▶ [Task goal]:
Going through the material below, output exactly the lines from the one containing "Navy Day poster" through the one containing "Koloeplf ツイストブ", and no pictures.

** Available data follows **

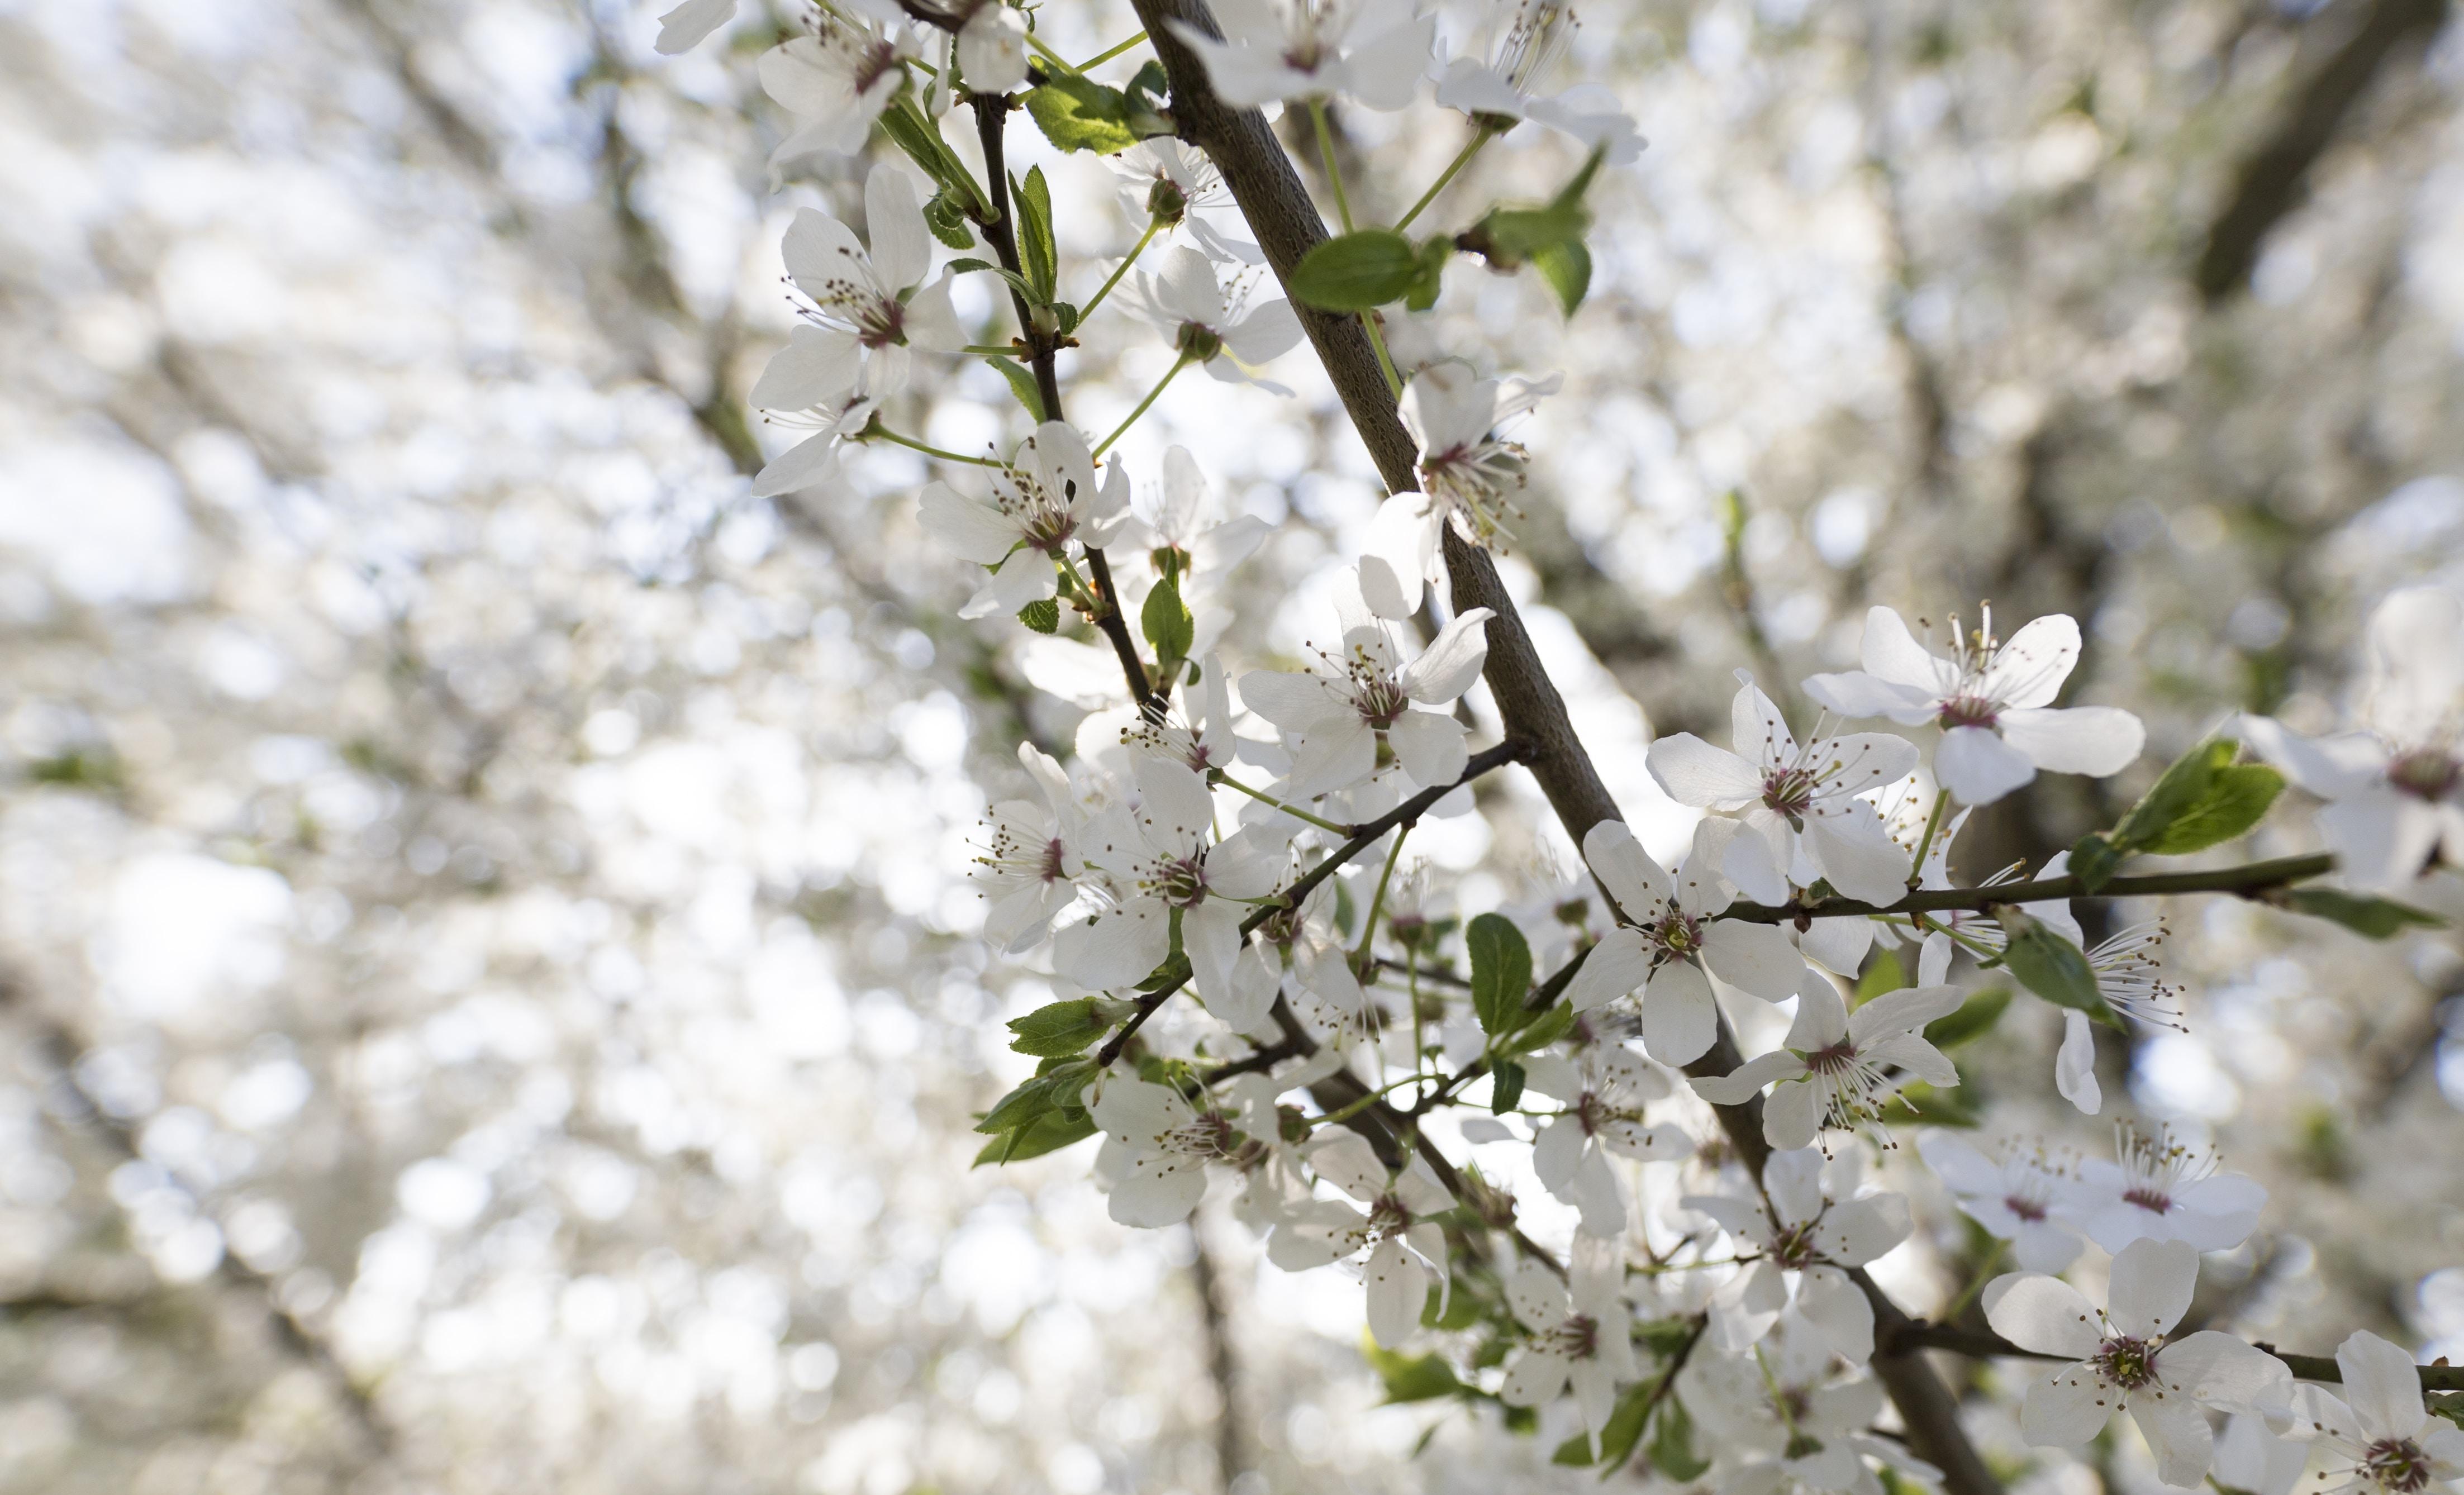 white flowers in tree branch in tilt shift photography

** End of Available data **
** Available data follows **

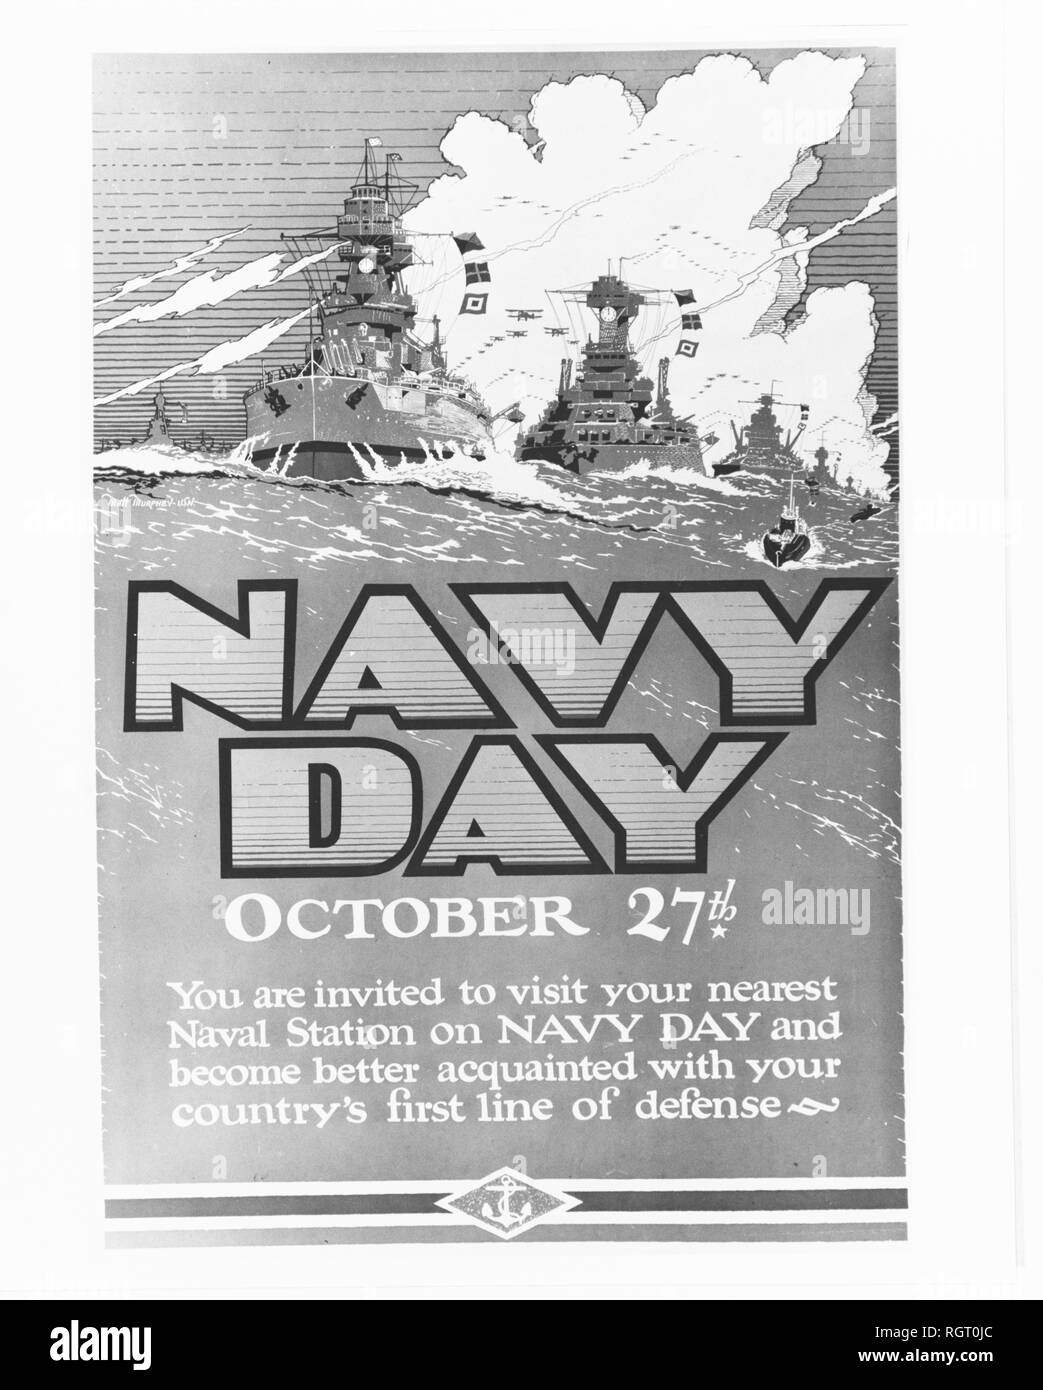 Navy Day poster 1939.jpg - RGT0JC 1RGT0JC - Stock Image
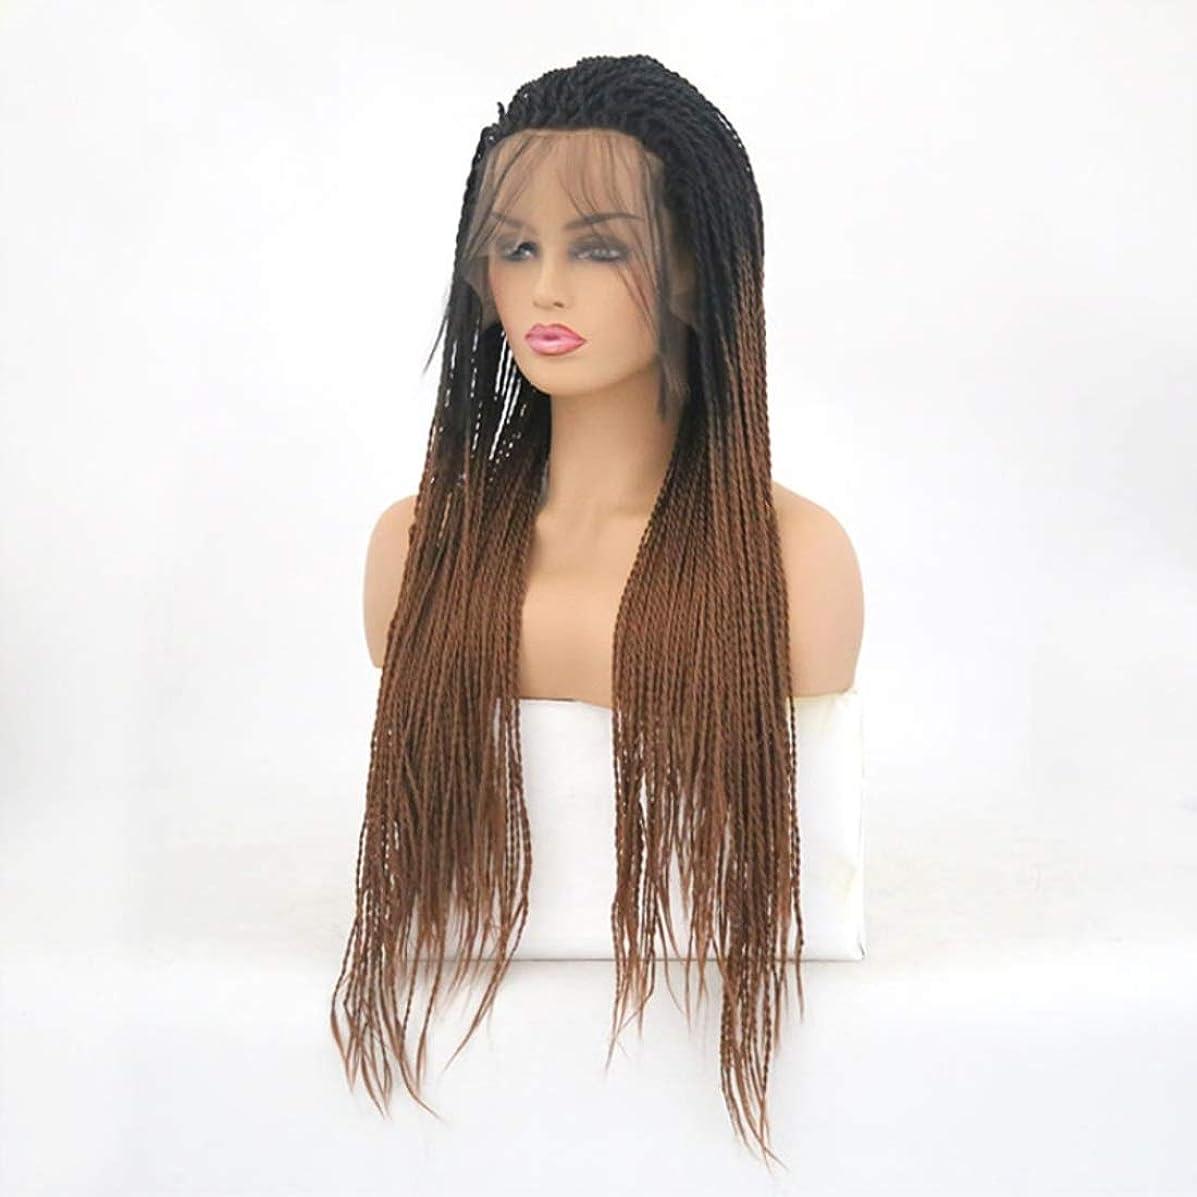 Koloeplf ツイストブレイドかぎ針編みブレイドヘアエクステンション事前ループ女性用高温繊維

** End of Available data **

▶ [Task response]:
 Navy Day poster 1939.jpg - RGT0JC 1RGT0JC - Stock Image
 Koloeplf ツイストブレイドかぎ針編みブレイドヘアエクステンション事前ループ女性用高温繊維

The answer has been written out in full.